Linearity of the relationship: Assumption: Each predictor variable should have a linear relationship with the outcome variable.
Independence of residuals: Residuals should not be correlated with each other; independence of observations.
Homoscedasticity: The variability of residuals is nearly constant across different levels of fitted values.
Normality of residuals: For small datasets, residuals should be approximately normally distributed.
For OLS to be considered BLUE, it must satisfy the Gauss-Markov assumptions. BLUE stands for Best Linear Unbiased Estimator, and each term implies:
Non-linear Relationships: Many relationships between variables are not linear but can often be approximated by linear models after transformations. Taking the logarithm of one or more variables can help linearize relationships, making it possible to fit a linear model more effectively. For example, exponential growth processes (common in economic and biological contexts) can be modeled linearly if a logarithmic transformation is applied.

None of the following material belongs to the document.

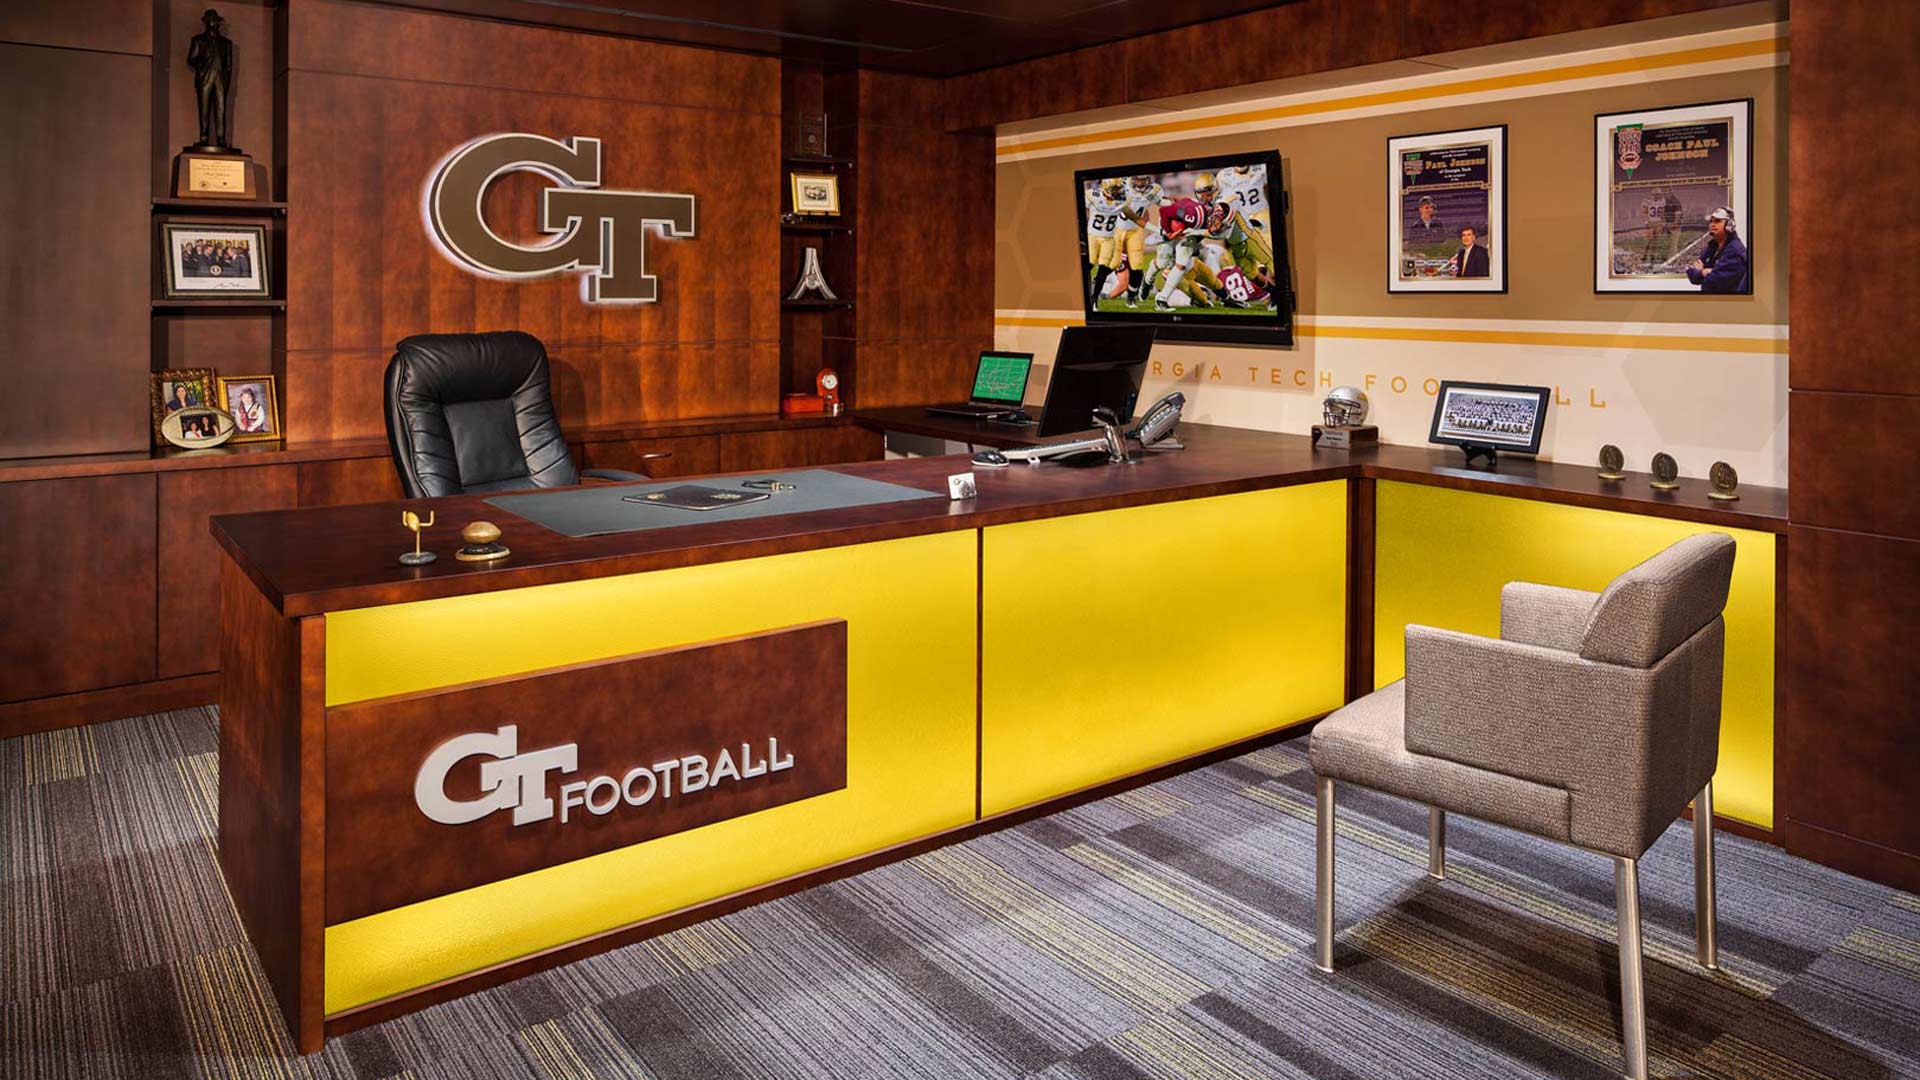 Take A Look Into Georgia Tech's Football Luxury Suites and Coaches' Offices  | Moss

Variance Stabilization: Heteroscedasticity (non-constant variance of the error terms) is a common violation of OLS assumptions that can affect the efficiency and accuracy of the estimates. Log transformation often stabilizes variance, especially when data include large range values or when larger values tend to have larger variances. This stabilization enhances the model’s validity by aligning with the assumption of homoscedasticity.
Improved Interpretation: Transformations can also simplify the interpretation of the regression coefficients. In a model where a log transformation has been applied to the dependent variable, a percentage change in one of the predictors leads to a proportional percentage change in the outcome variable. This is particularly useful in financial and economic modeling where elasticity (the percentage change response in the dependent variable to a one percent change in an independent variable) is of interest.